Next up was Cardboard Gangsters the award winning semi-autobiographical tale penned by O’Connor and Connors and starring Connors as a DJ turned thug in the North Dublin town of Darndale.  I loved the flow of this story and the characters that gave at true flavor of the comedy and tragedy that are a part of the story of getting swallowed up in the drug culture and treachery surrounding them.  Just a regular gang of lads who happen into dealing nearly by accident, the story follows them through the partying, violence, and deception that become part of their lives.  But they never seem to lose their humanity in this piece which shows their flaws and allows them to laugh at themselves as well.   Available now on Irish Netflix, hopefully it will be available to US audiences soon.  I got to chat with Connors later that week and part of that interview will come in a future NYIrishArts podcast.

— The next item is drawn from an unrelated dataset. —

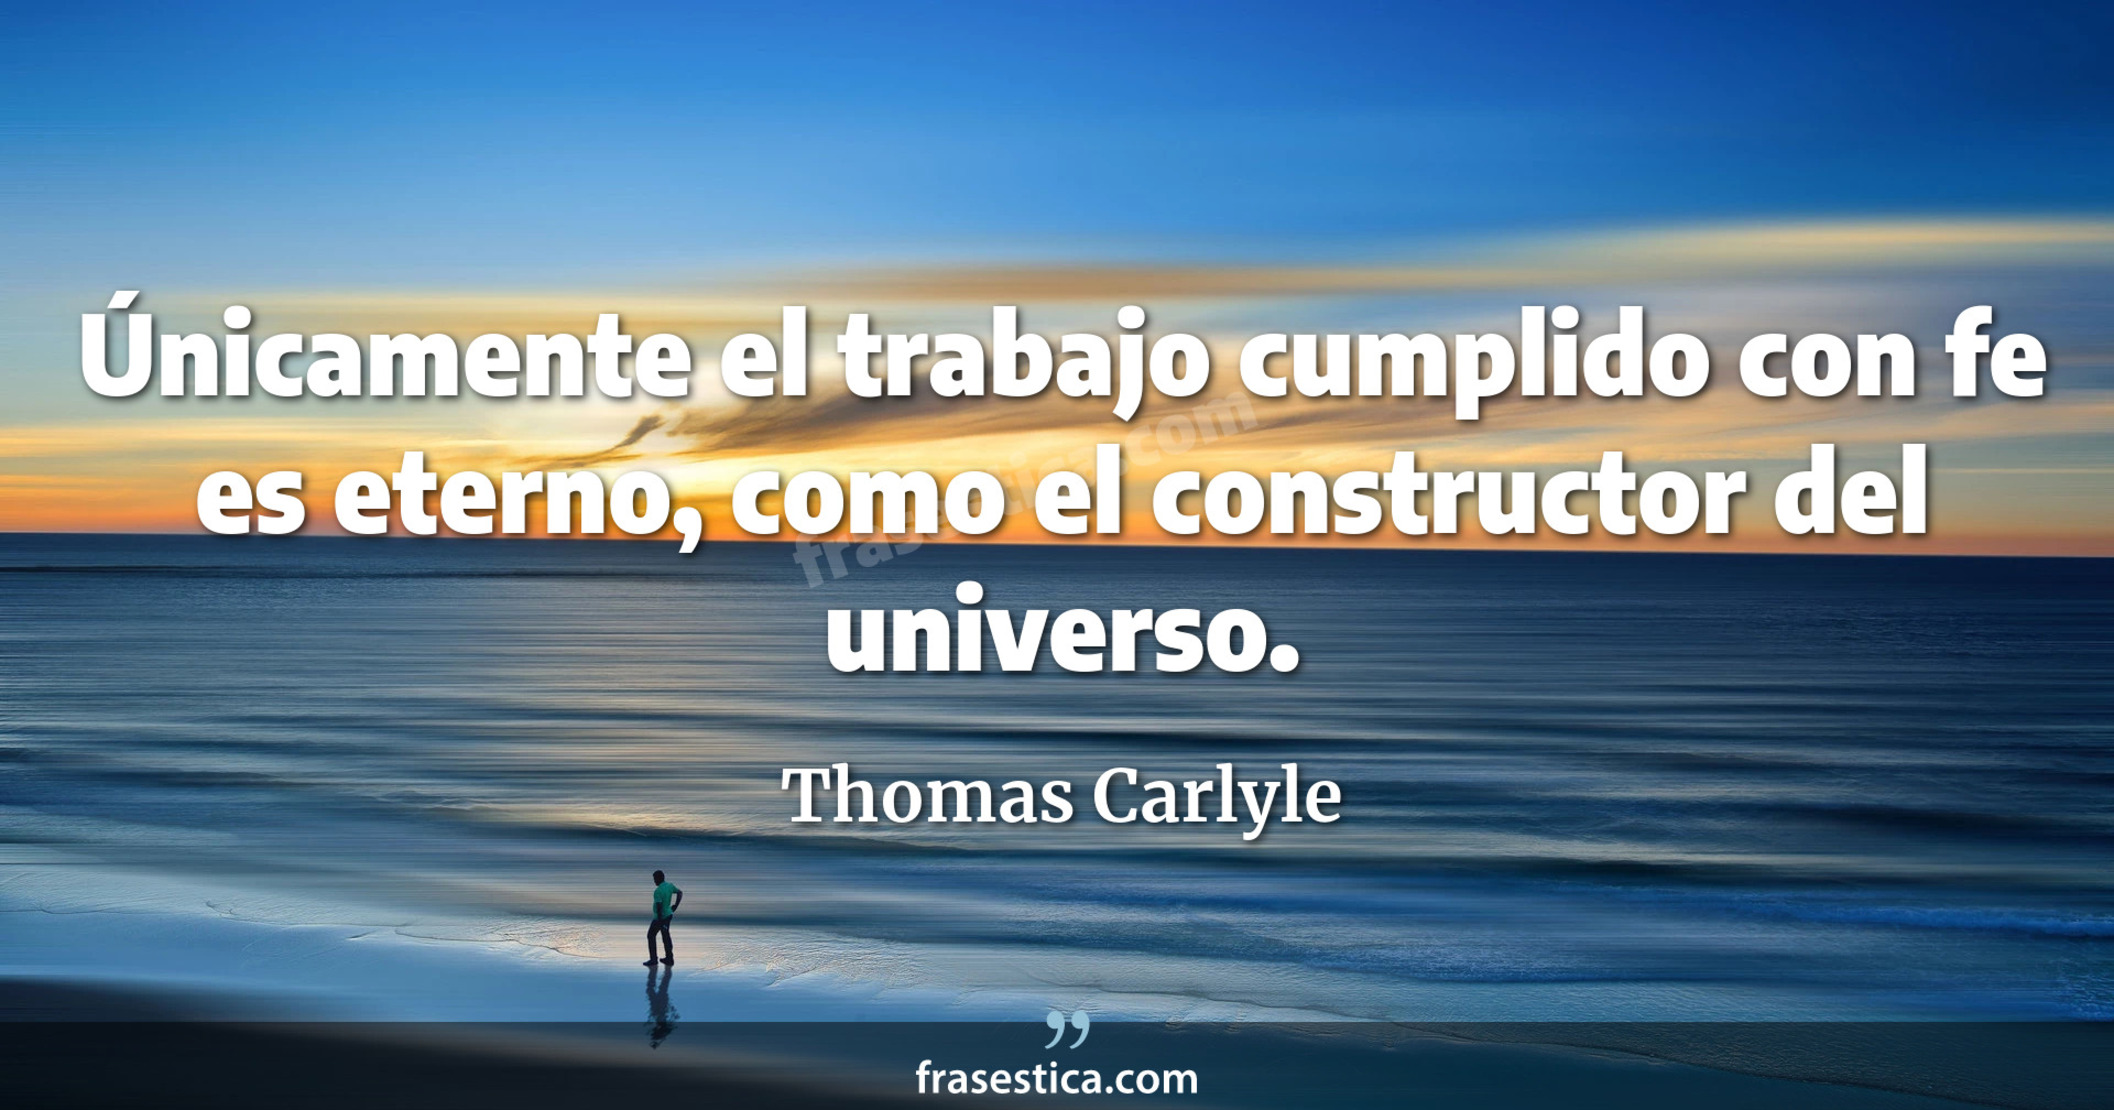 Únicamente el trabajo cumplido con fe es eterno, como el constructor del universo. - Thomas Carlyle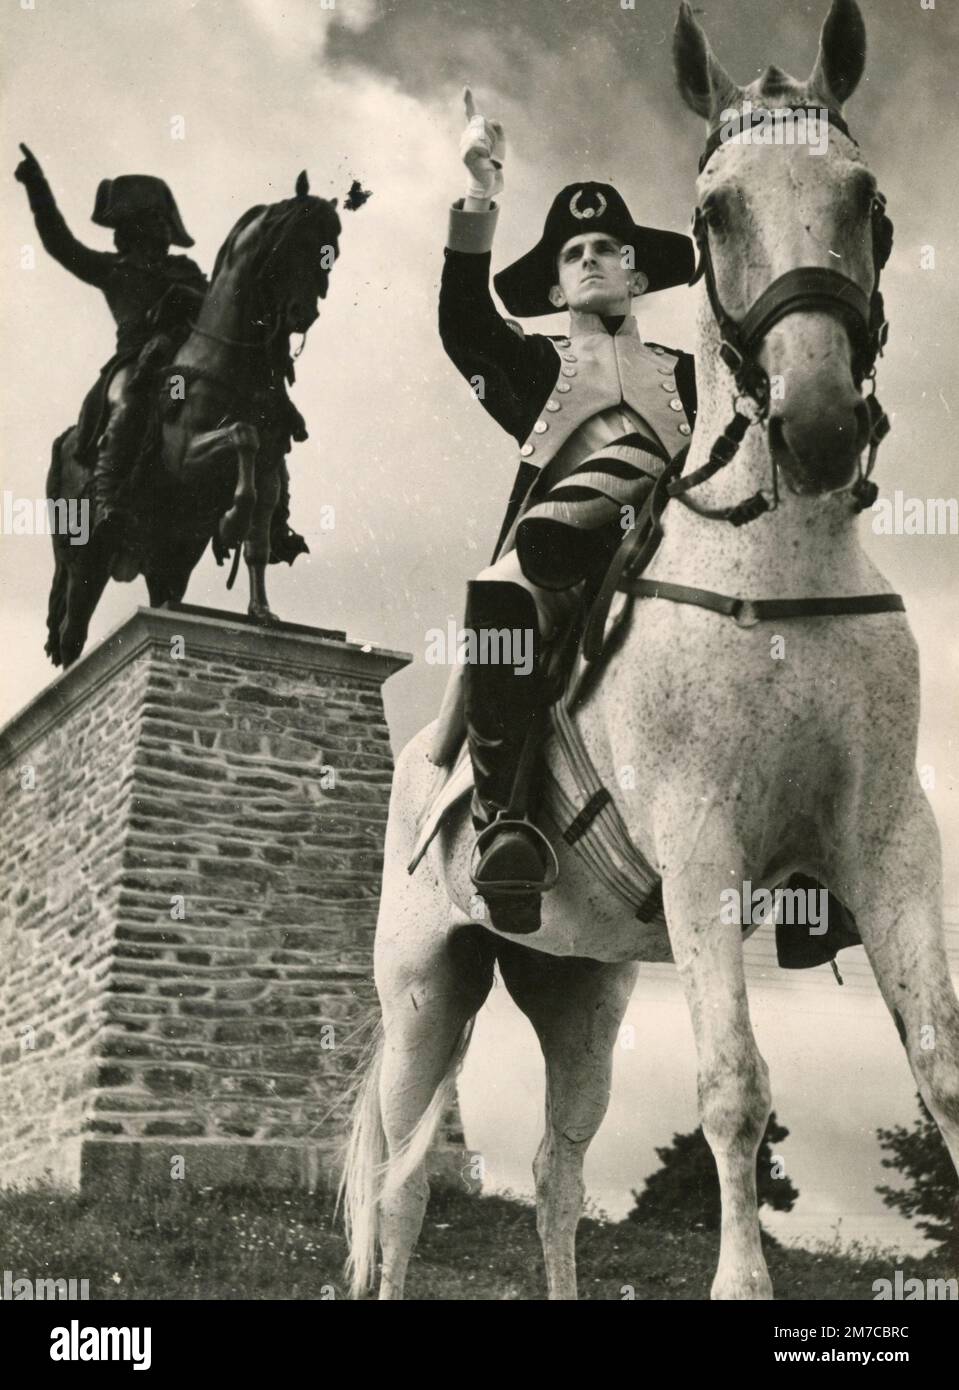 Tenente francese Champagne de Labriolle, imitando, a cavallo, la statua equestre del generale Kleber, Ecole de Saint-Cyr, Coetquidan, Francia 1948 Foto Stock

The final film of the day was the U.S. premiere of  Shelter Me : Apollo House.  A documentary produced by Jim Sheridan and shot by Zahara Moufid, of the activist take-over of a vacant NAMA building over the Christmas period of 2016 into 2017 to house the homeless in Dublin.  It follows the activists as they plot how to go about taking over the building and the outpouring of help coming to them from all over Dublin.

Featured in the film are Glen Hansard, Dean Scurry, Jim Sheridan as well as host of other volunteers who help plan, coordinate and manage the massive effort to give a respite to the homeless people living on the streets of Dublin.  The film follows them as they wrangle all the supplies, getting lights on and beds ready, as well as providing meals and arranging signage and connecting the people with services that will help them locate more amenable accommodations for the future.

Even though the effort was only successful for a few weeks, it was an amazing wake up call to the people of Ireland and has helped to feed the ongoing discussion and action currently going on to try and solve this problem countrywide.

All of these films made for a great day’s entertainment, and I would recommend going to see them if and when they reach a theatre near you!